B’nai B’rith revealed today that the Rheinmetall Company, a German armaments producer under consideration by the Pentagon to share in a $70,000,000 gun contract, had sent “feelers” offering to settle claims made against it by former slave laborers of the Nazi era.
But the company later acted to reaffirm its continued refusal to negotiate a compensation settlement for some 1,000 persons, many of them now American citizens, who are the survivers among concentration camp inmates hired by Rheinmetall from the Nazi SS for forced labor.
Dr. William A. Wexler, president of B’nai B’rith, reported these facts to the executive committee of the B’nai B’rith International Council during its meeting here; He said that overtures for a settlement had been received by the Jewish service organization shortly after it had publicly protested last month to the State and Defense Departments, opposing a prospective contract in which Rheinmetall would participate in the manufacture of 20-mm machine guns for purchase by the Army.

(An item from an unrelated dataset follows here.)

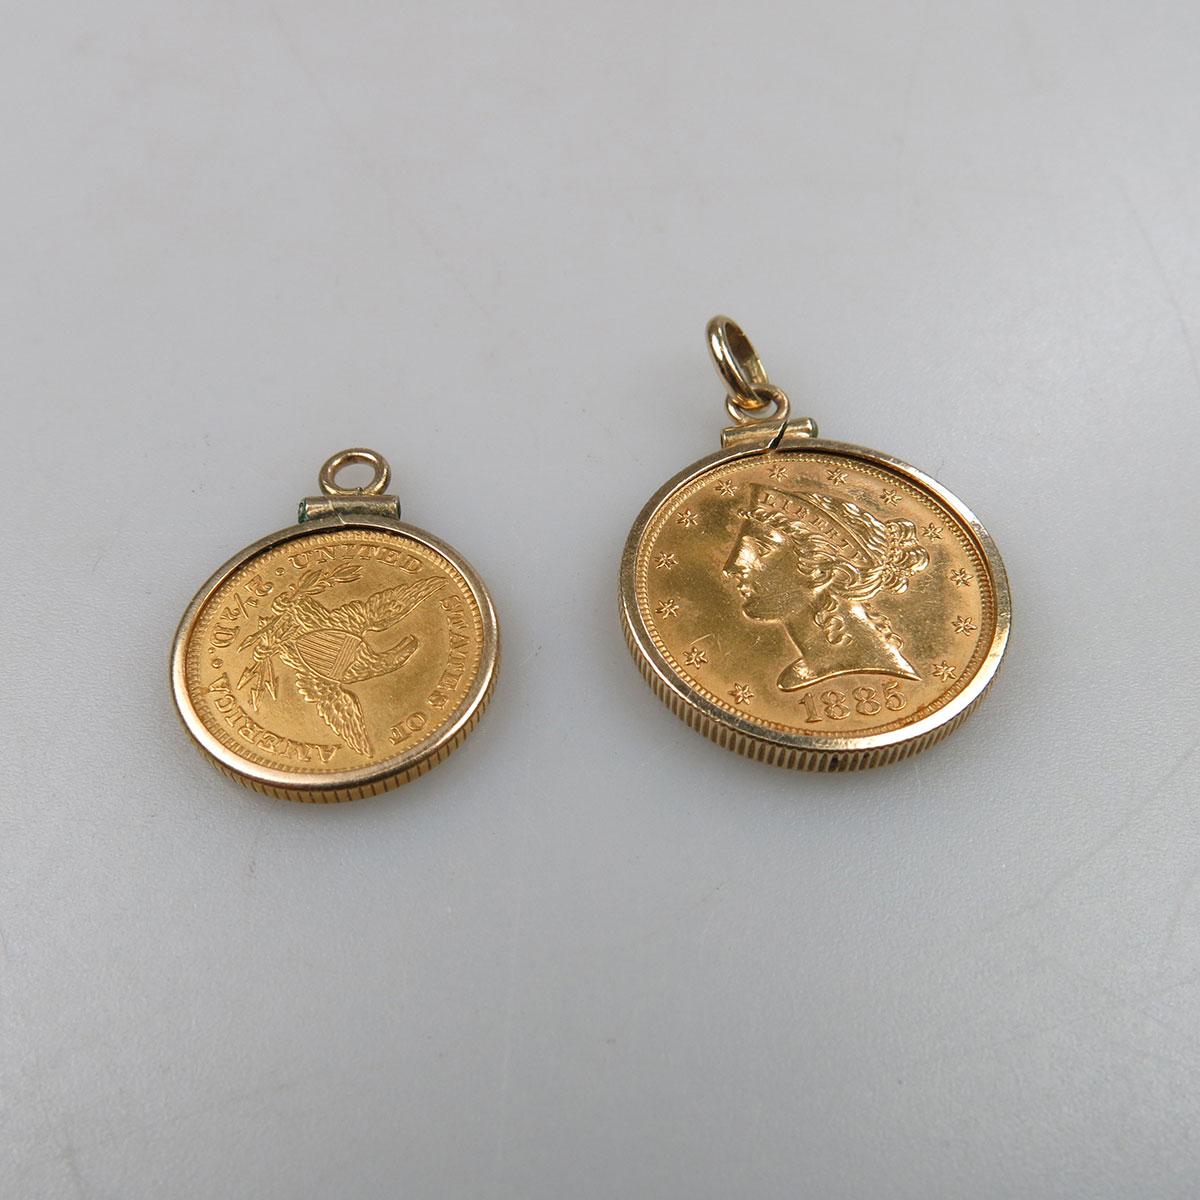 American $5 Gold Coin (1885) & an American $2 1/2 Gold Coin (1889)

But on March 1, Dr. Wexler added, Rheinmetall’s directors, meeting at the company’s headquarters in Dusseldorf, again voted to reject any financial responsibility for wartime use of slave labor in its plants; B’nai B’rith last week repeated to the State Department and the Pentagon its “serious objection to any action by our Government that might reward an industrial organization unwilling to adhere to a well-established principle of human rights.”